根におけるケイ素吸収・輸送モデルの開発と イネがケイ素を多く吸収

平成 26 年度主要成果
根におけるケイ素吸収・輸送モデルの開発と
イネがケイ素を多く吸収できるメカニズムの解明
[要約]
イネにおいて重要なミネラルであるケイ素が根から吸収・輸送される過程を計算するモ
デルを開発しました。イネ特有の二重のカスパリー線構造が、ケイ素の輸送体の働きを
促進していることが分かりました。
[背景と目的]
植物において土壌からのミネラル吸収は生長に必須であり、より精度の高い作物生長モ
デルを構築するためには、その詳細な数理モデル化が望まれています。近年、分子生物
学的な研究の進展により、植物体内におけるミネラルの輸送体の働きが明らかになりつ
つあります。そこで、本研究では病害や倒伏を防ぐ上で重要な役割を果たすケイ素の輸
送体に関する分子生物学的な知見の進歩をもとに、イネの根における吸収過程の数理モ
デルを開発し、イネの高いケイ素吸収・輸送能力を解析しました。
[成果の内容]
イネの根には Lsi1 と Lsi2 というケイ素輸送体が存在していることが分かっています。

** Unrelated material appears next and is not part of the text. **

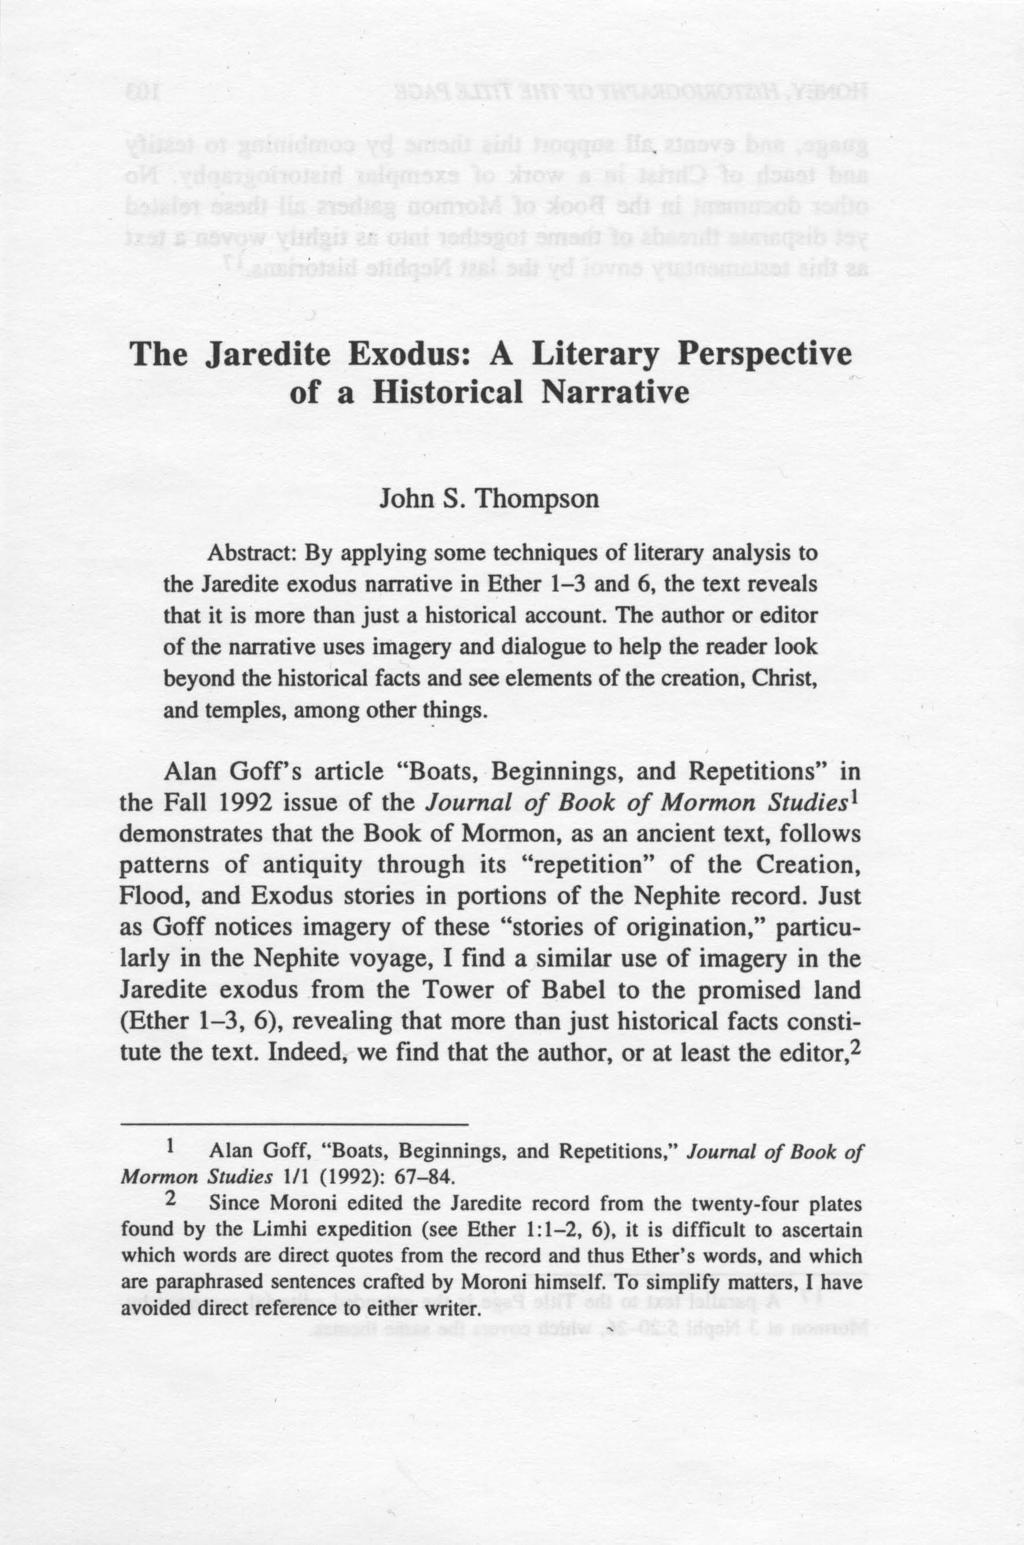 The Jaredite Exodus: A Literary Perspective of a Historical Narrative John S.

また、それらはカスパリー線(植物の根に、一重または二重に存在する帯状の構造で植物
体への物質の侵入をブロックする役割を持つ)の細胞にしか存在しておらず、極性を持っ
て存在していることが近年の研究で分かっています(図 1)。本研究では、これらの分子生
物学的な知見をもとに数理モデルを作成しました。このモデルでは、根から吸収されたケ
イ素は、根を拡散しつつ、細胞壁に存在するケイ素輸送体によって、根の中央部の導管ま
で運ばれます(図 1)。また、岡山大学資源植物科学研究所によって測定された、イネにお
けるケイ素の吸収実験のデータを用いて、Lsi1 や Lsi2 の輸送活性を推定し、イネにおけ
るケイ素の吸収・輸送を定量的に再現することができました(図 2)。
このモデルを用いて、なぜイネでは高いケイ素吸収が実現されているのかを解析しまし
た。他の植物と異なりイネではカスパリー線が内皮と外皮の両方に存在しているため、内
皮と外皮の間に輸送されたケイ素の濃度を高く保つことができ、ケイ素の輸送能力が大き
く増大していると推定されました(図 3)。この発見は、カスパリー線の役割の新しい側面
を示唆するものです。今後は他のミネラル吸収モデルを開発することにより、精度の高い
作物生長モデルの構築が期待されます。
本研究は、JSPS 科研費 (25119723) による成果です。
リサーチプロジェクト名: 食料生産変動予測リサーチプロジェクト
研究担当者:生態系計測研究領域
櫻井玄、佐竹暁子(北海道大学)、山地直樹(岡山大学)、横沢
正幸(静岡大学)、FEUGIER François Gabriel(北海道大学)、三谷奈見季(岡山大
学)、馬建鋒(岡山大学)
発表論文等:1) Sakurai et al., Plant Cell Physiol. doi:10.1093/pcp/pcv017 (2015)
図 1 根のケイ素吸収のモデル化
イネの根において重要な役割を果たす 2 種類のケイ素の輸送体 (Lsi1 と Lsi2)の配
置 (a)。2 つの輸送体は、内皮と外皮の両方のカスパリー線に、極性を持って配置さ
れています。モデルでは、根を円柱として扱い、細胞壁によって細胞の内側と外側
のコンパートメントを持つ格子で模式し、拡散方程式を解きます (b)。内皮と外皮
のカスパリー線にある輸送体がケイ素を根の中心方向にすばやく輸送し、根の中心
に高いケイ素濃度を作り出します (c)。図(c)は数理モデルの計算によるケイ素の濃
度の変化についての定性的なイメージです。
図 2 シミュレーション予測値と観測値の比較
イネの根を 1mM のケイ素溶液に浸し、60 分後までの
導管中のケイ素濃度を測定したデータとシミュレ
ーションによる推定値の比較。縦軸は導管中のケイ
素濃度 (mM) 、横軸は時間 (分)。灰色と実線は推
定値を点線と折れ線(●)は観測値を示しています。
灰色及び点線内の領域は 95%信頼区間。観測値を定
量的に再現することができていることが分かりま
す。
図 3 シミュレーション実験によるカスパリー線の
意義の解明
イネの根を 1mM のケイ素溶液に浸して 60 分後まで
の導管中のケイ素濃度のシミュレーション実験結
果。内皮と外皮のカスパリー線を除去した場合の影
響を解析しています。輸送体を野生型と同様の位置
に配置したしたとしても、カスパリー線を除去する
とケイ素濃度が大幅に減少することが分かります。